Four siblings surviving on biscuits
IPOH: Four-year-old “Annie” (not her real name) has never eaten a grain of rice in her life as her unemployed father could not provide for her and her three siblings.
Staying in an abandoned workshop with their father, the malnourished children had only eaten biscuits to stave off hunger.
State executive council member Datuk Dr Mah Hang Soon said the children’s 32-year-old father became jobless after the workshop closed down three months ago.
Concern: Mah (right) and Tan chatting with the children at their home, an abandoned workshop, in Ipoh Thursday.
“Before working in the workshop as a steel cutter, the man used to work in Kuala Lumpur,” he said when visiting the family at the workshop yesterday.
“He had borrowed money from loan sharks in 2005 to start a business but it failed.”
Dr Mah said the man was still hiding from Ah Long.
“He and his family returned to Ipoh in 2007,” he said, adding that the children’s mother ran away shortly after they moved back.
Dr Mah, who is Perak MCA Youth chief, said the father was unable to find work as he had to look after his family.
He noted that Annie and her three siblings, aged eight, nine and 10, were not enrolled into any primary school as they did not have birth certificates.

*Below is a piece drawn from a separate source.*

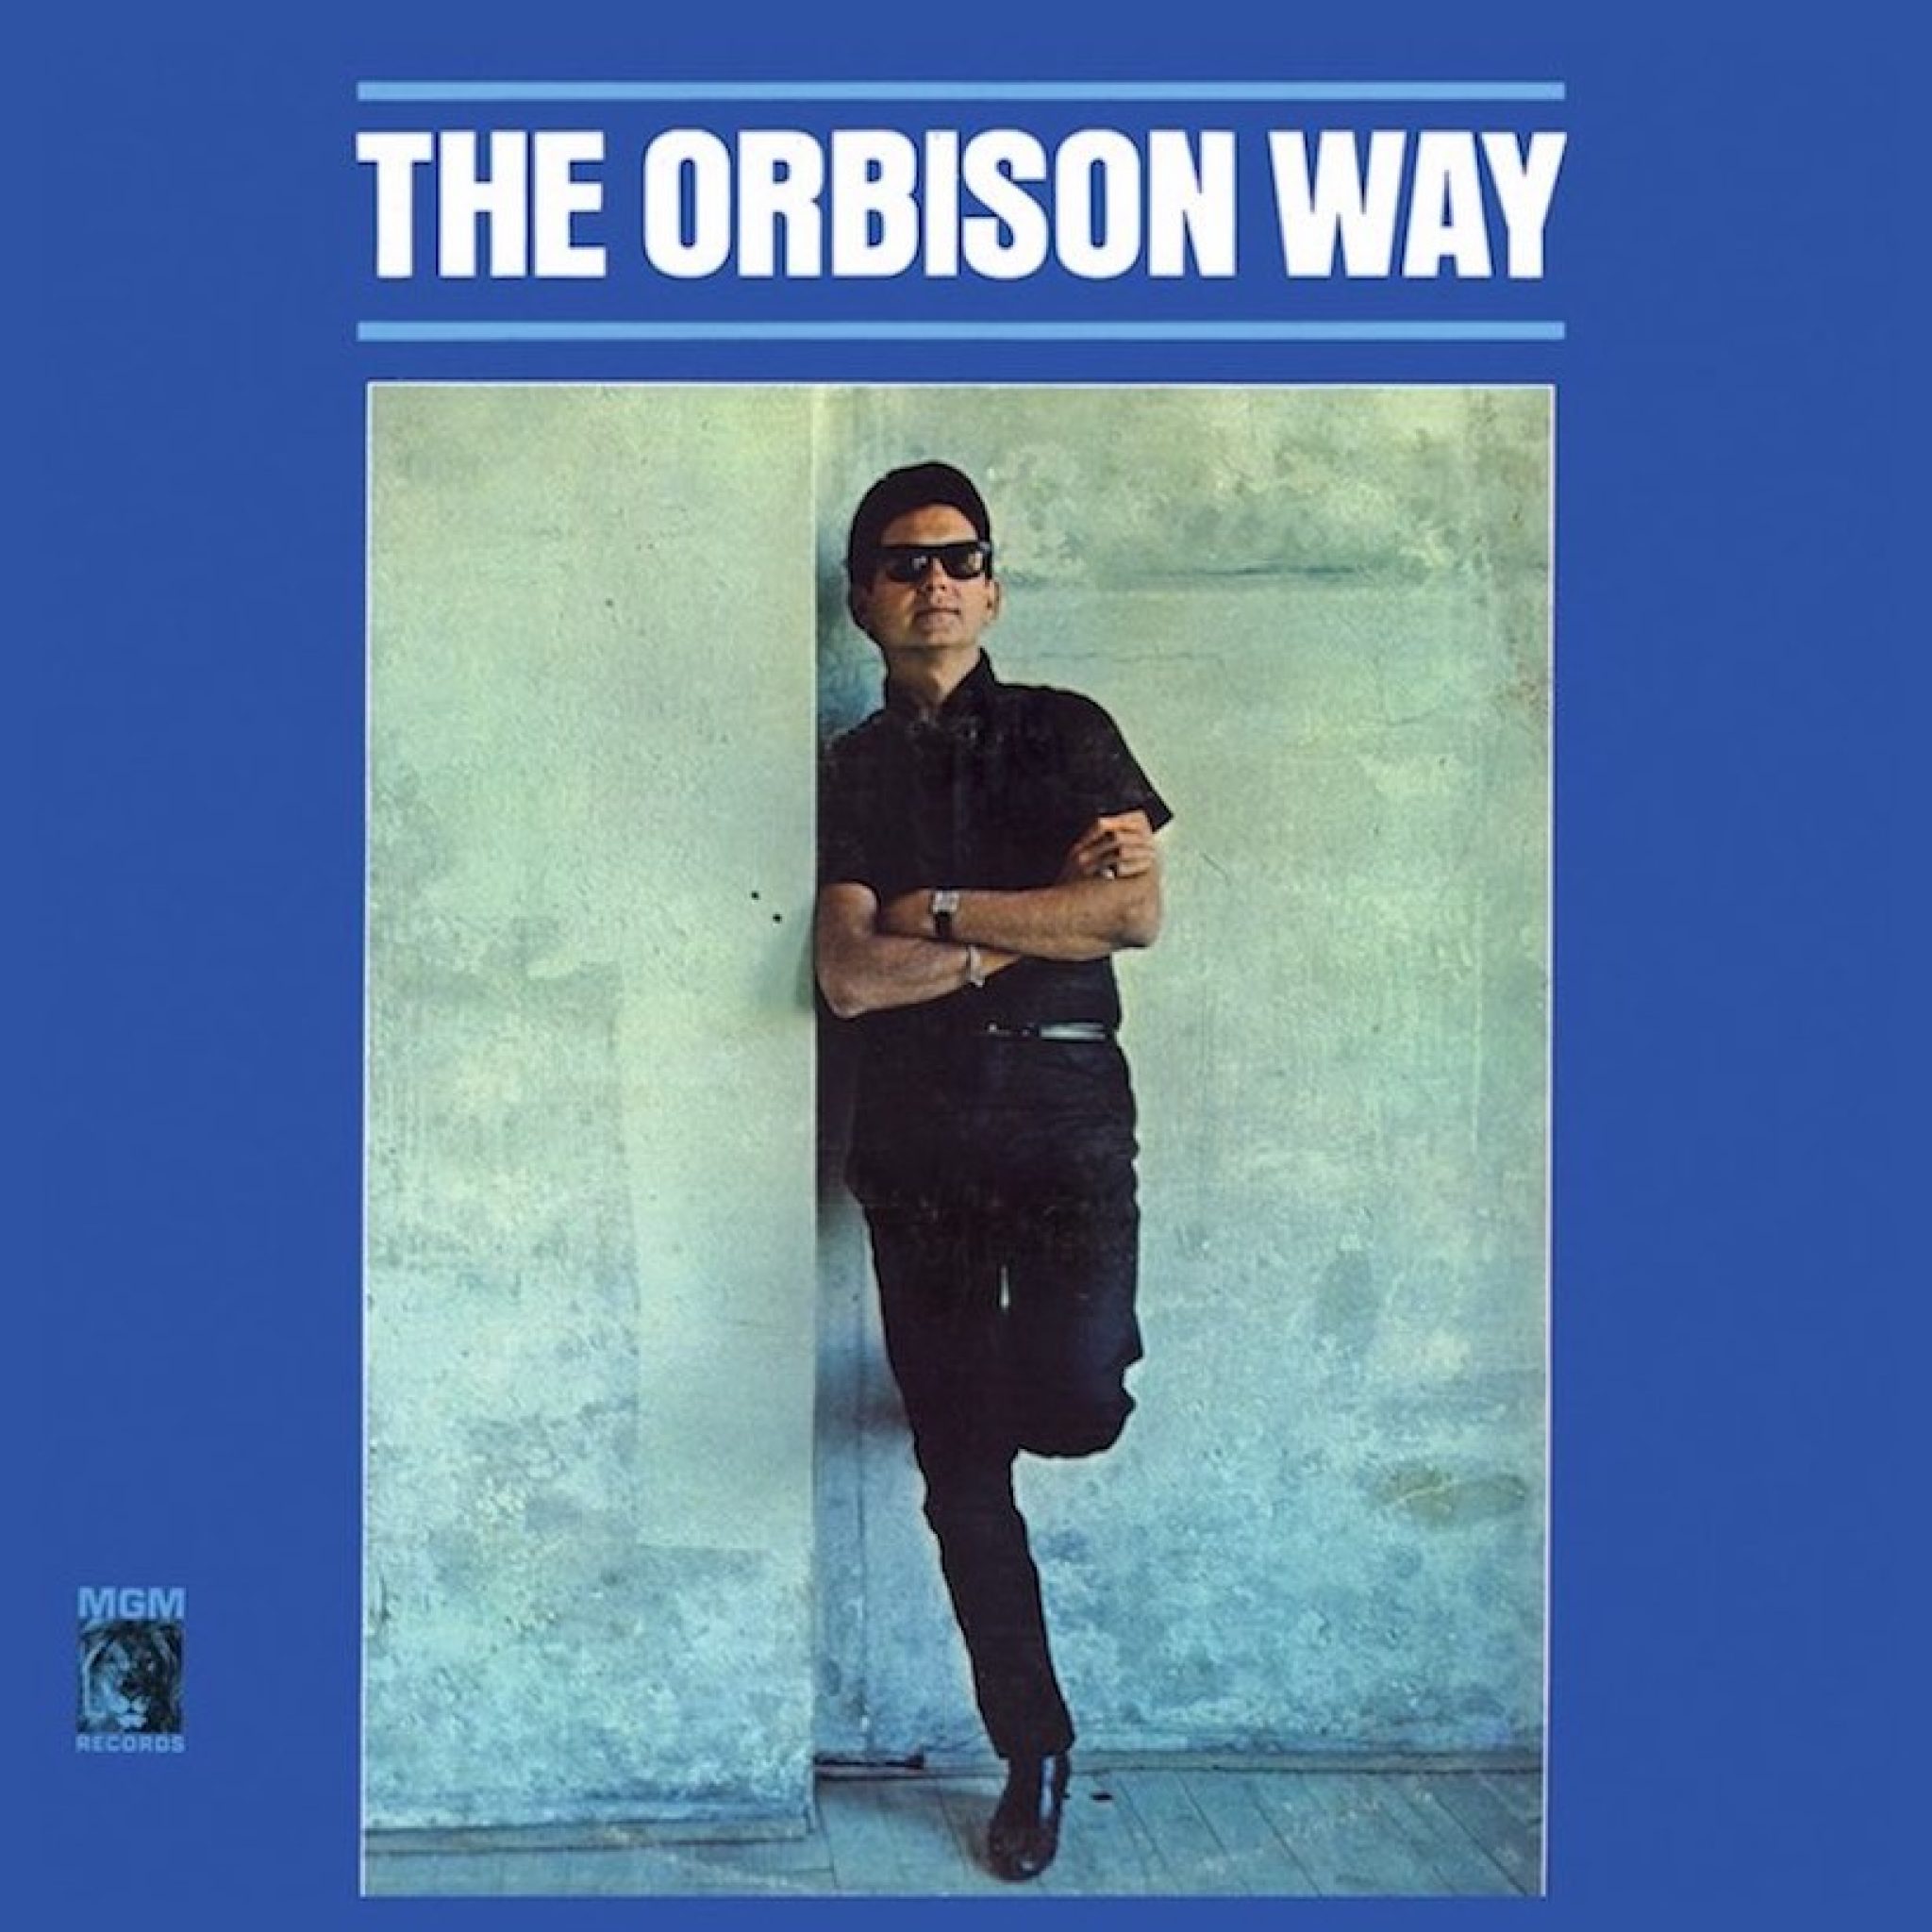 did roy orbison sing wicked game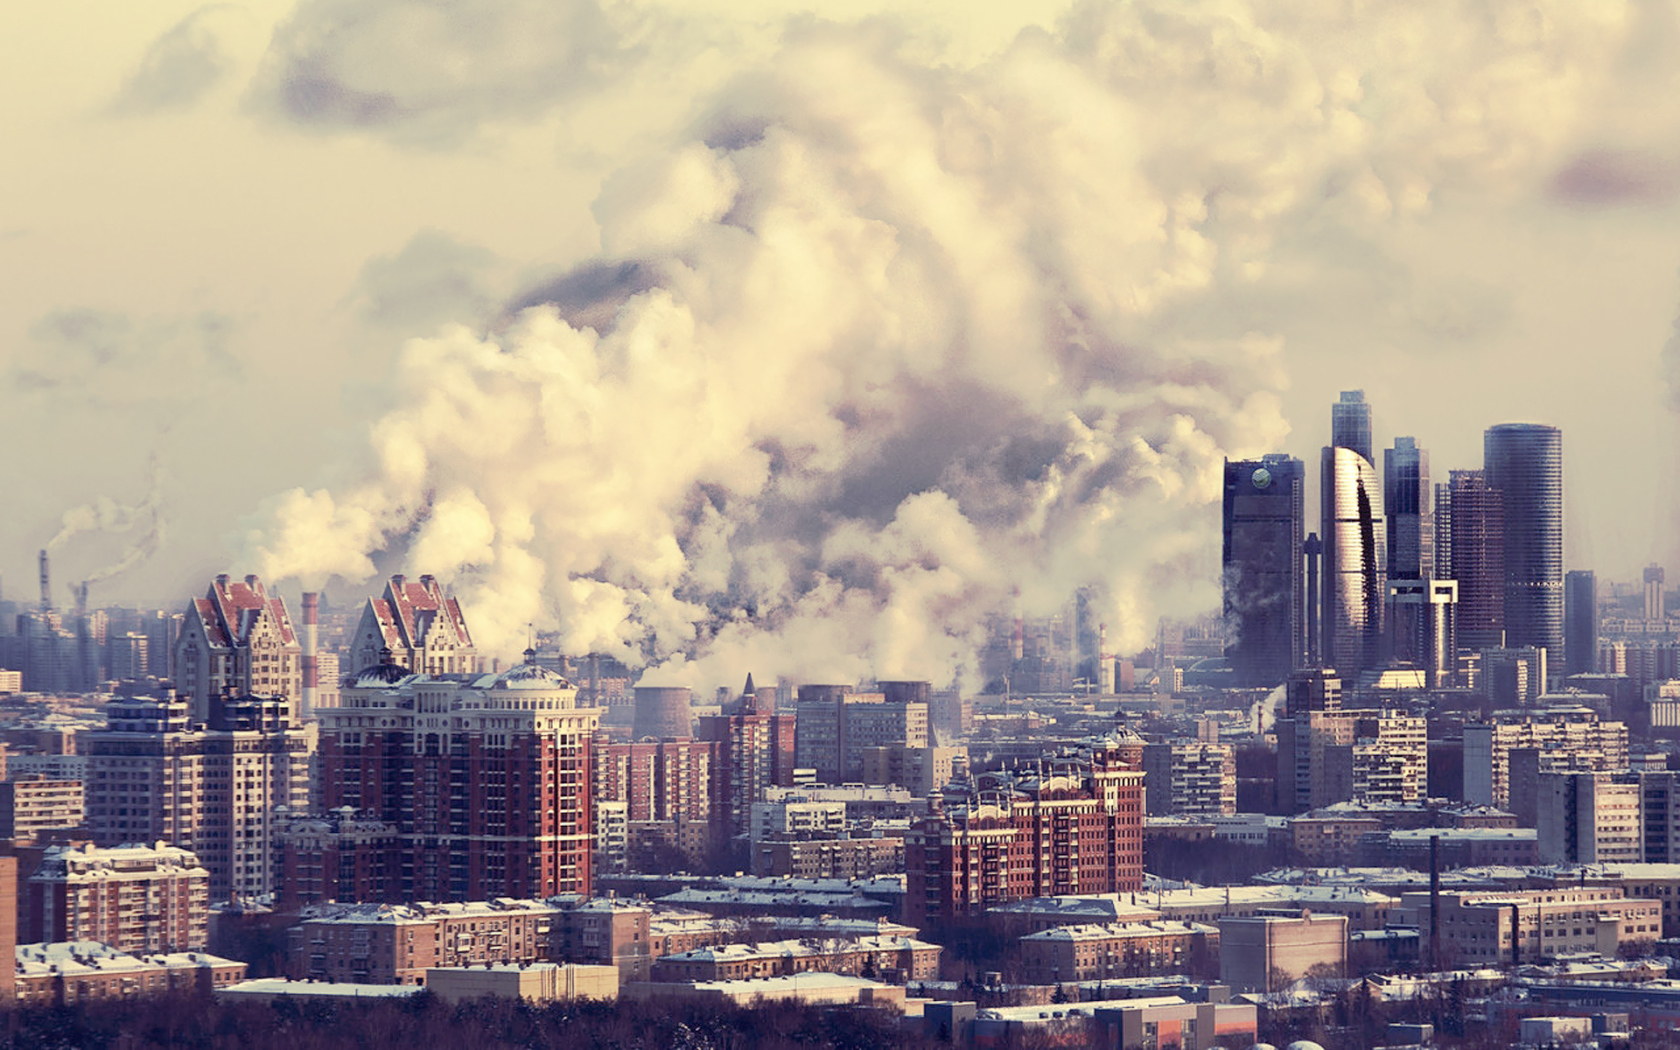 The Moscow under the white smoke

“The father only taught them basic Mandarin and Bahasa Malaysia at home,” he said.
Dr Mah said he would discuss with the Perak MCA Public Service and Complaints Bureau to set up a fund to help the family.
Bercham Rukun Tetangga chairman Tan Swee Kong, who got to know about their plight recently, has located a new home for them.
Perak Welfare Department director Chong Phaik Kee said the department would help the children get their birth certificates.
”We will help them get medical attention and enrol them in schools,” said Chong.
”We will also try to help the father secure a job so that he can take care of his family,” she added.